The posterior probability that a point x belongs to class k is the product of the prior probability and the multivariate normal density. The density function of the multivariate normal with 1-by-d mean μk and d-by-d covariance Σk at a 1-by-d point x is

`$P\left(x|k\right)=\frac{1}{{\left({\left(2\pi \right)}^{d}|{\Sigma }_{k}|\right)}^{1/2}}\mathrm{exp}\left(-\frac{1}{2}\left(x-{\mu }_{k}\right){\Sigma }_{k}^{-1}{\left(x-{\mu }_{k}\right)}^{T}\right),$`

where $|{\Sigma }_{k}|$ is the determinant of Σk, and ${\Sigma }_{k}^{-1}$ is the inverse matrix.

Let P(k) represent the prior probability of class k. Then the posterior probability that an observation x is of class k is

`$\stackrel{^}{P}\left(k|x\right)=\frac{P\left(x|k\right)P\left(k\right)}{P\left(x\right)},$`

where P(x) is a normalization constant, namely, the sum over k of P(x|k)P(k).

### Prior Probability

The prior probability is one of three choices:

• `'uniform'` — The prior probability of class `k` is 1 over the total number of classes.

• `'empirical'` — The prior probability of class `k` is the number of training samples of class `k` divided by the total number of training samples.

• A numeric vector — The prior probability of class `k` is the `j`th element of the `Prior` vector. See `fitcdiscr`.

After creating a classifier `obj`, you can set the prior using dot notation:

`obj.Prior = v;`

where `v` is a vector of positive elements representing the frequency with which each element occurs. You do not need to retrain the classifier when you set a new prior.

### Cost

There are two costs associated with discriminant analysis classification: the true misclassification cost per class, and the expected misclassification cost per observation.

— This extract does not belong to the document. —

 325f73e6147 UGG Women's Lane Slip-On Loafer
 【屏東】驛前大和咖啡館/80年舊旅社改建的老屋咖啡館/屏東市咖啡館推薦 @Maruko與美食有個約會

#### True Misclassification Cost per Class

`Cost(i,j)` is the cost of classifying an observation into class `j` if its true class is `i`. By default, `Cost(i,j)=1` if `i~=j`, and `Cost(i,j)=0` if `i=j`. In other words, the cost is `0` for correct classification, and `1` for incorrect classification.

You can set any cost matrix you like when creating a classifier. Pass the cost matrix in the `Cost` name-value pair in `fitcdiscr`.

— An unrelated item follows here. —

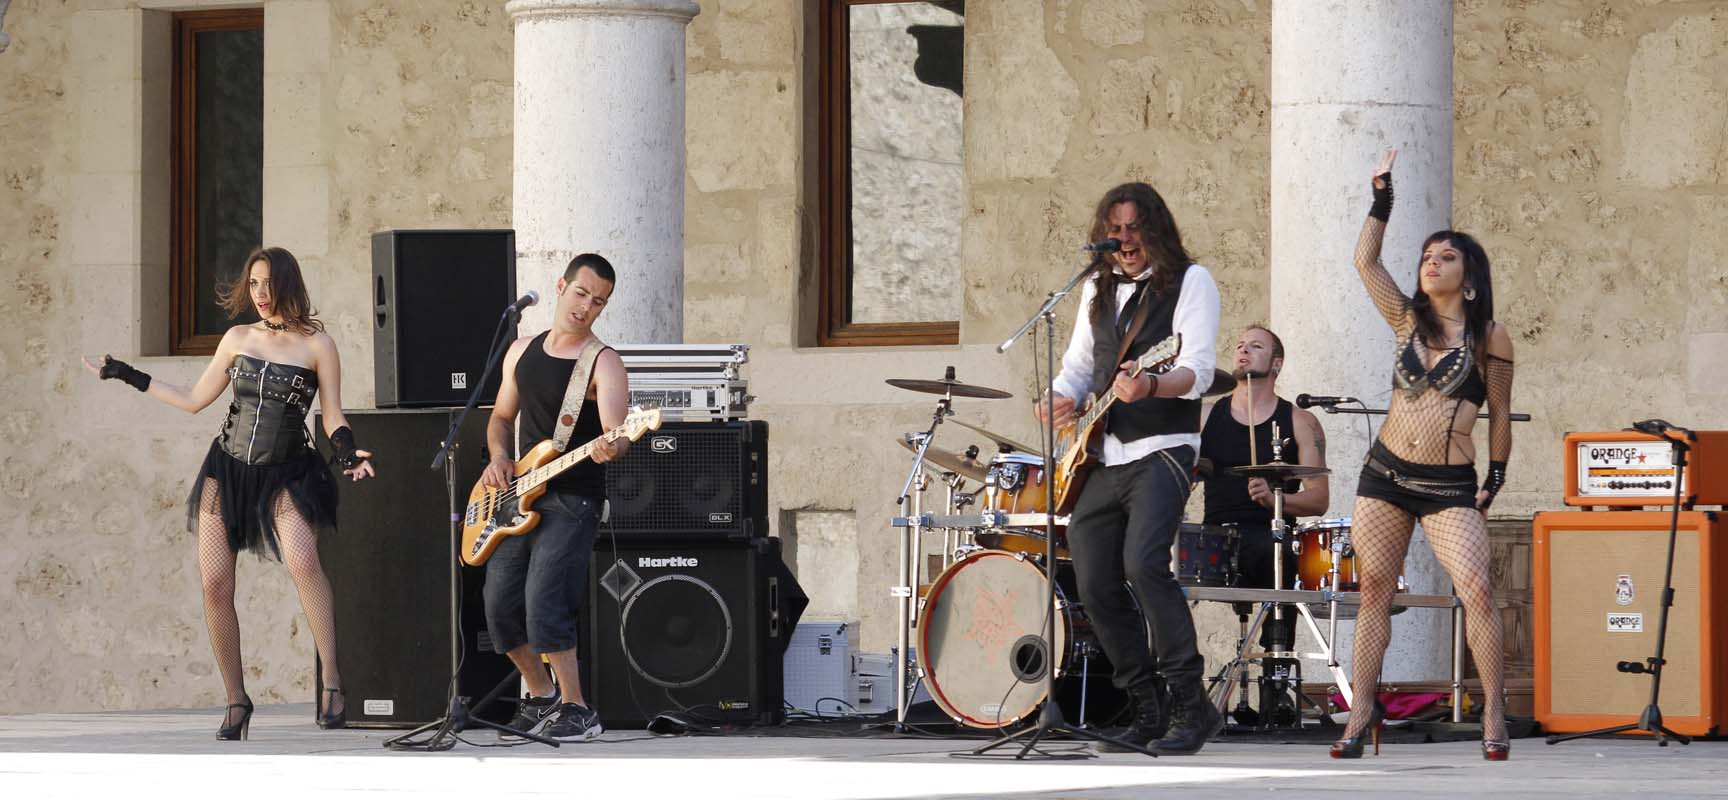 El trío Cheroot durante la grabación del videoclip.

After you create a classifier `obj`, you can set a custom cost using dot notation:

`obj.Cost = B;`

`B` is a square matrix of size `K`-by-`K` when there are `K` classes. You do not need to retrain the classifier when you set a new cost.

#### Expected Misclassification Cost per Observation

Suppose you have `Nobs` observations that you want to classify with a trained discriminant analysis classifier `obj`. Suppose you have `K` classes. You place the observations into a matrix `Xnew` with one observation per row. The command

`[label,score,cost] = predict(obj,Xnew)`

returns, among other outputs, a cost matrix of size `Nobs`-by-`K`. Each row of the cost matrix contains the expected (average) cost of classifying the observation into each of the `K` classes. `cost(n,k)` is

`$\sum _{i=1}^{K}\stackrel{^}{P}\left(i|Xnew\left(n\right)\right)C\left(k|i\right),$`

where

• K is the number of classes.

• $\stackrel{^}{P}\left(i|Xnew\left(n\right)\right)$ is the posterior probability of class i for observation Xnew(n).

• $C\left(k|i\right)$ is the cost of classifying an observation as k when its true class is i.